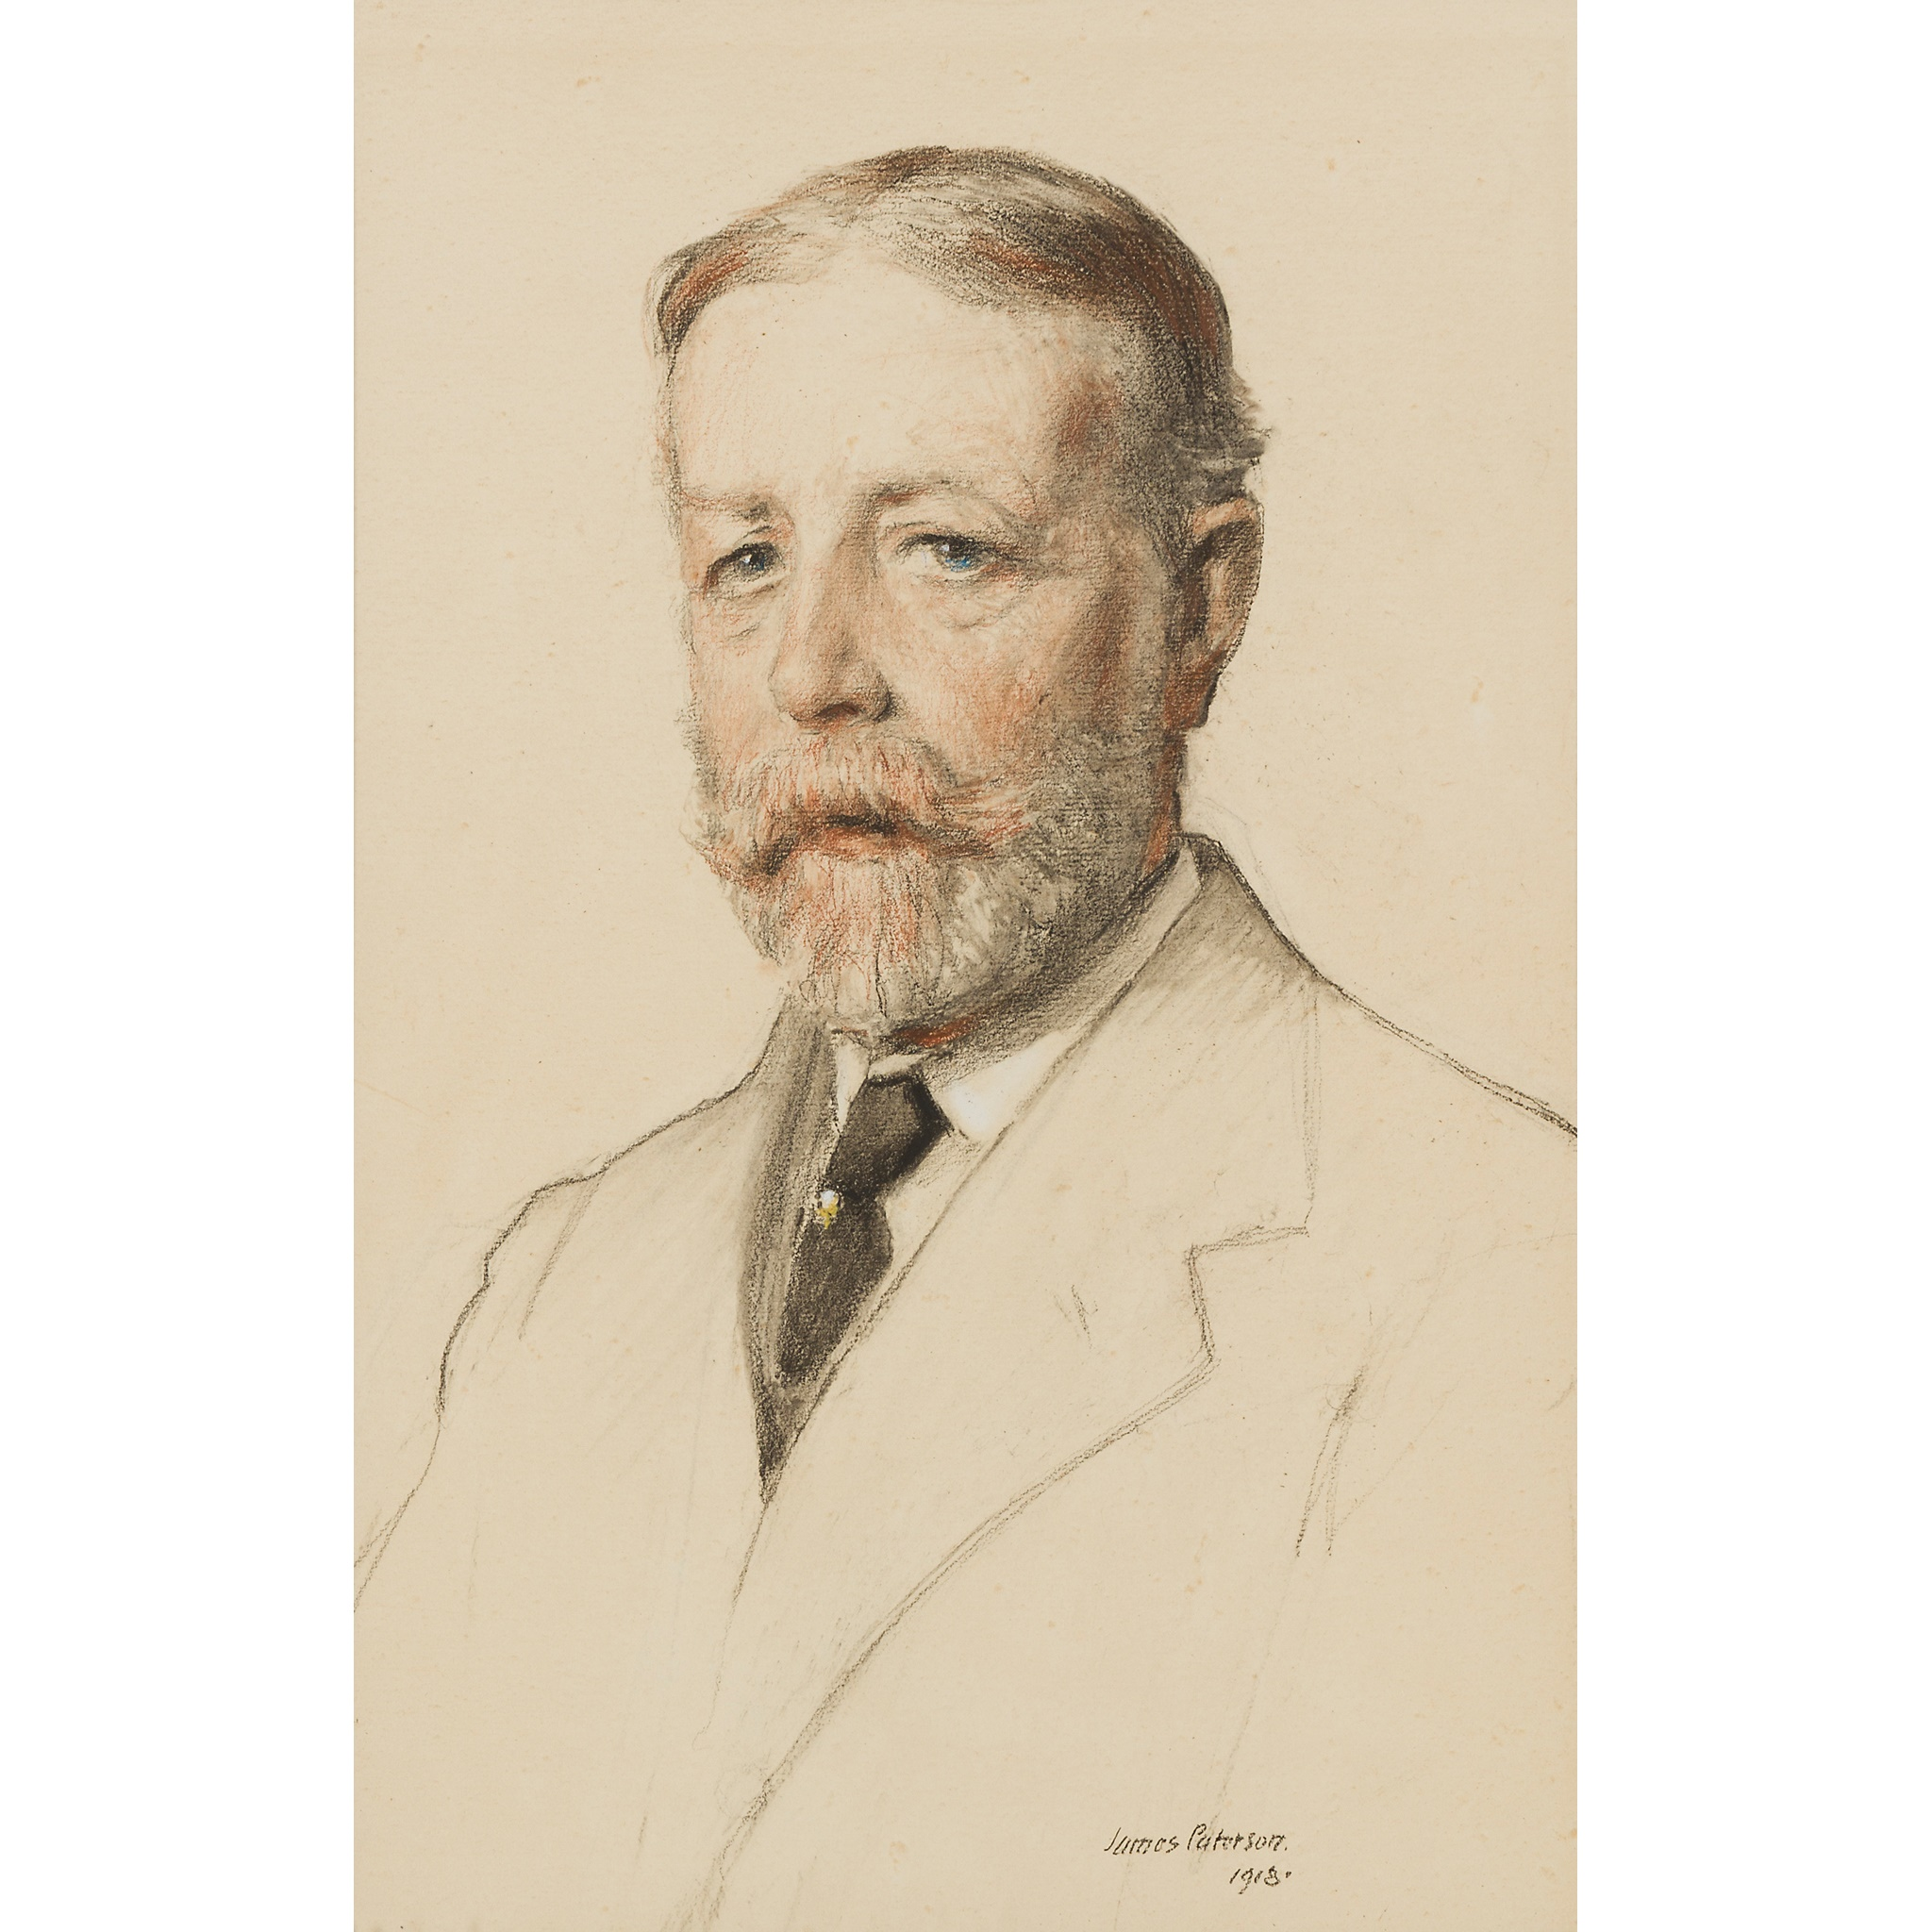 JAMES PATERSON R.S.W., R.S.A., R.W.S. (SCOTTISH 1854-1932) PORTRAIT OF J.COOK- 18 INDIA STREET
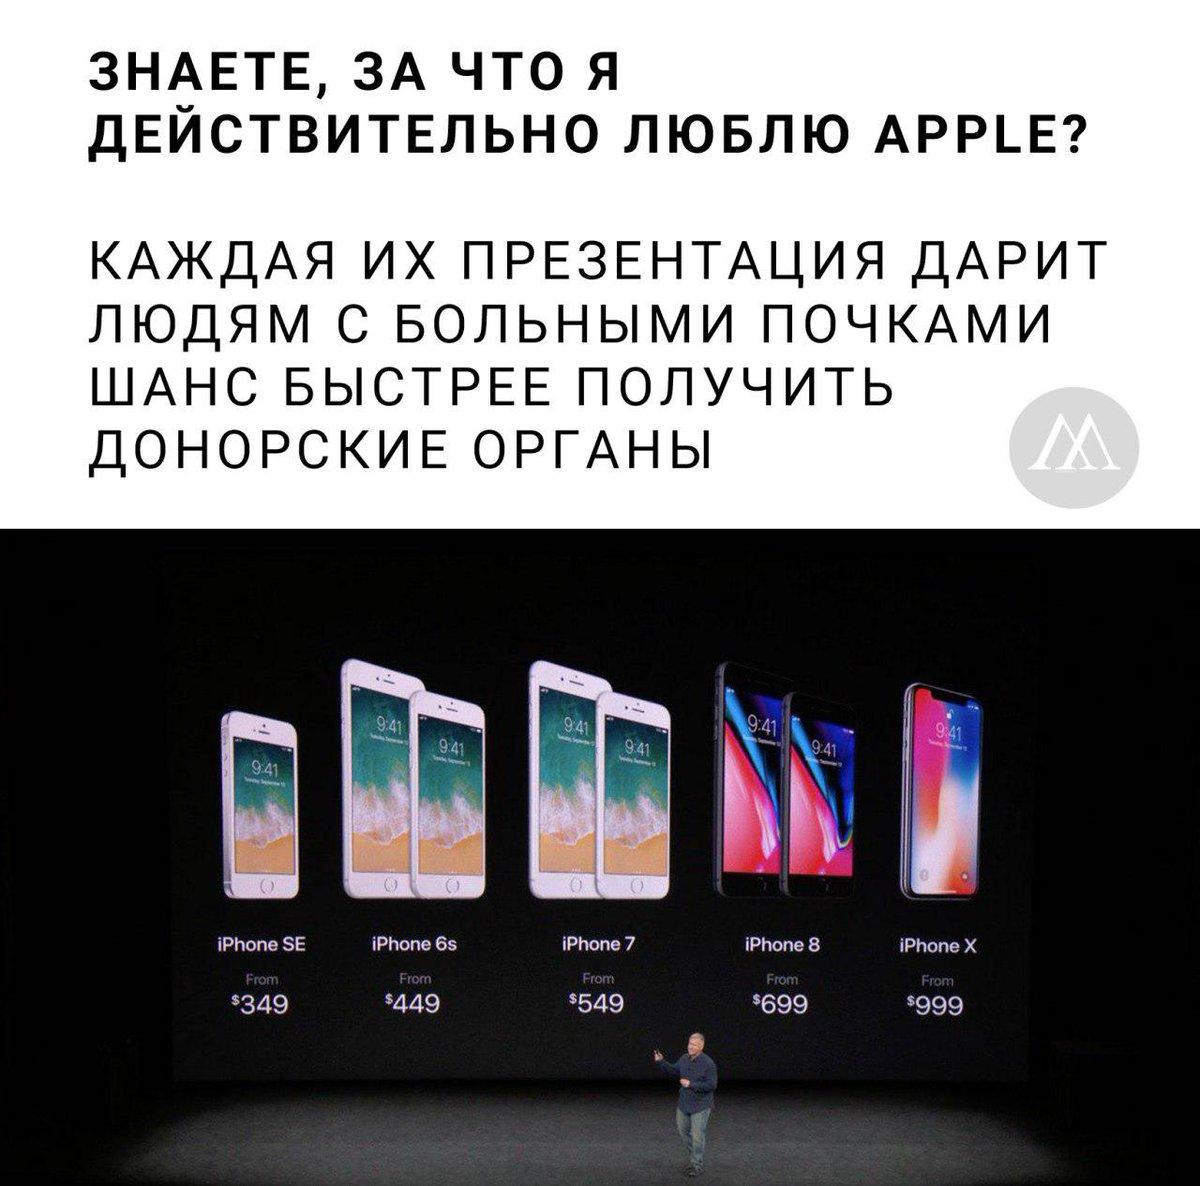 Презентация apple весна 2017 macbook 12
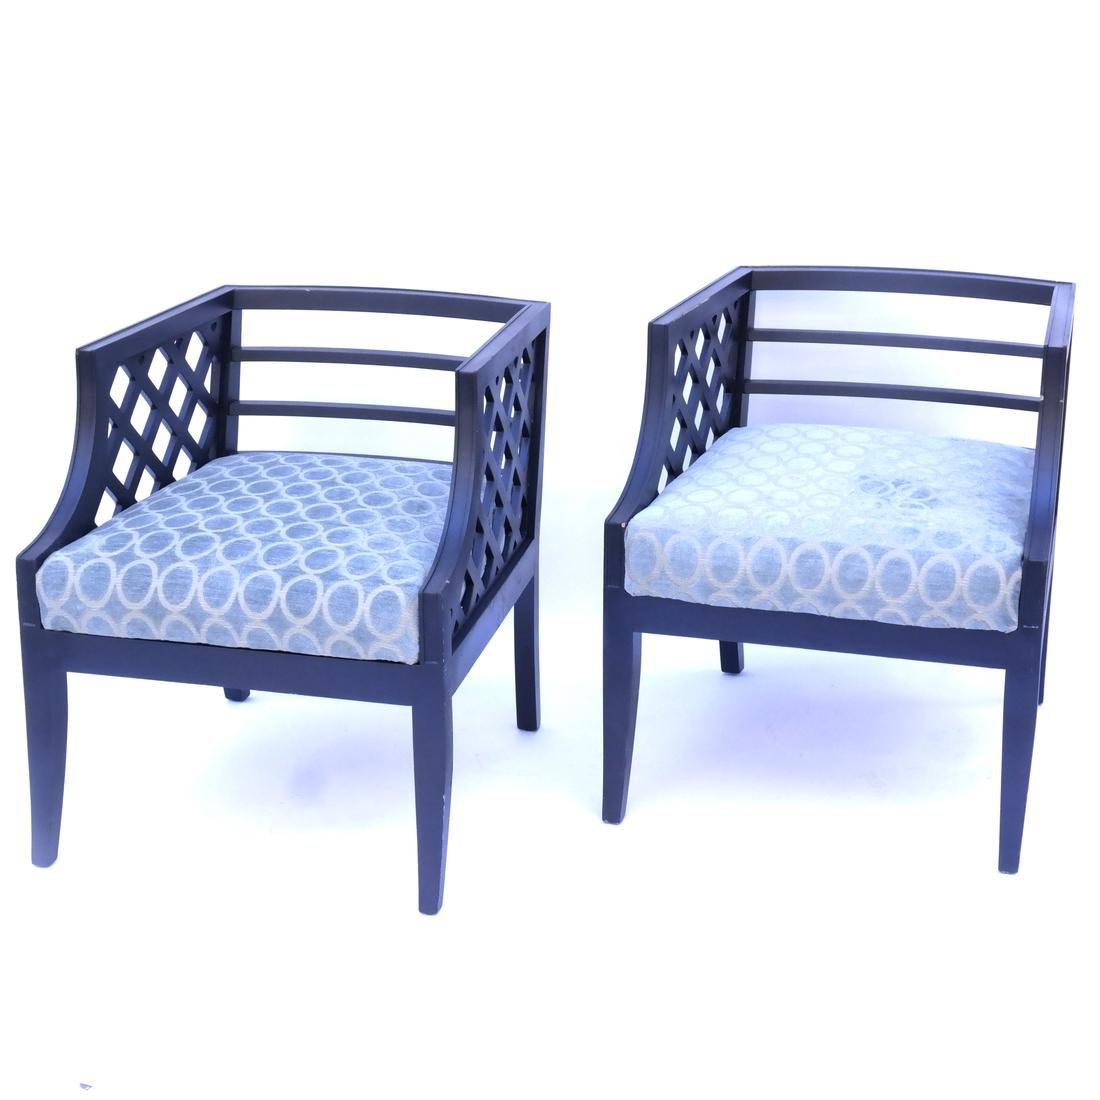 Pair of Lattice-Form Chairs
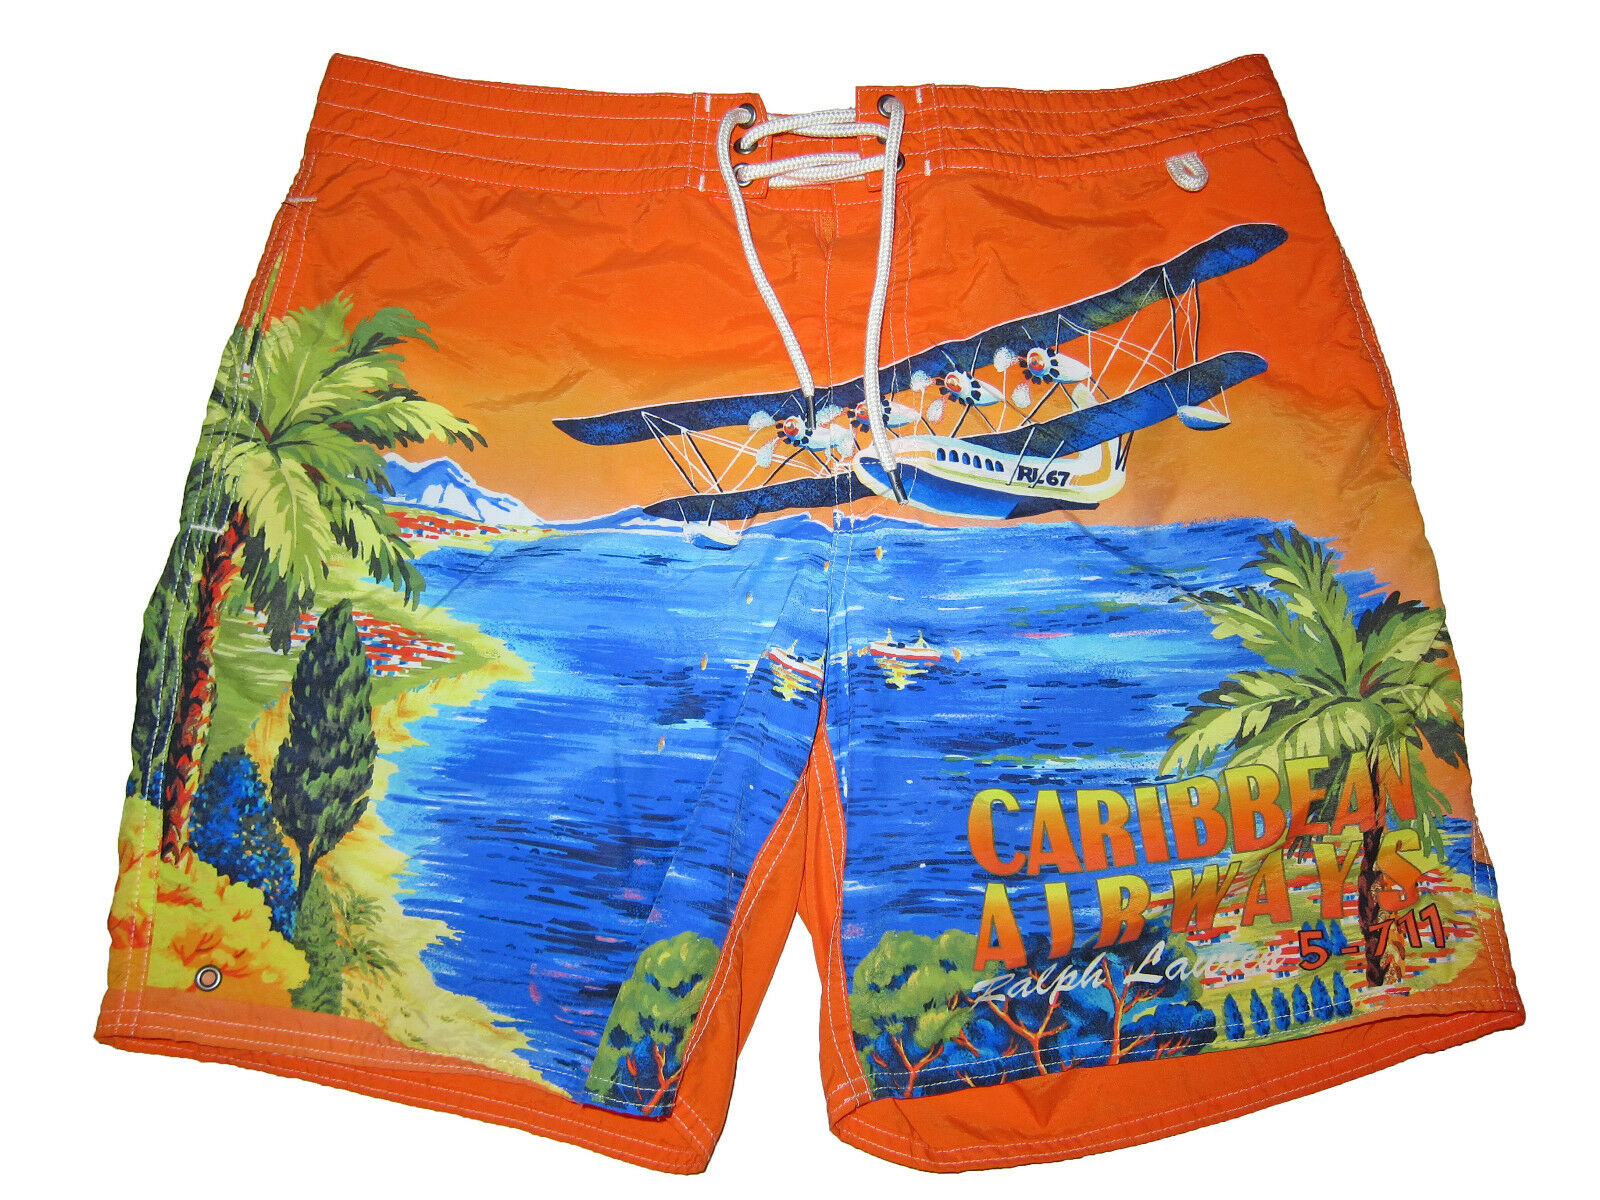 Rare Polo Ralph Lauren orange bluee Caribbean Airways Swim Board Shorts Suit 28

* EXERCISE AIM:
Set down the entire material verbatim, with each picture left out.

* RESPONSE TO THIS EXERCISE:
 JAMES PATERSON R.S.W., R.S.A., R.W.S. (SCOTTISH 1854-1932) PORTRAIT OF J.COOK- 18 INDIA STREET
 Презентация apple весна 2017 macbook 12
 Pair of Lattice-Form Chairs
 Rare Polo Ralph Lauren orange bluee Caribbean Airways Swim Board Shorts Suit 28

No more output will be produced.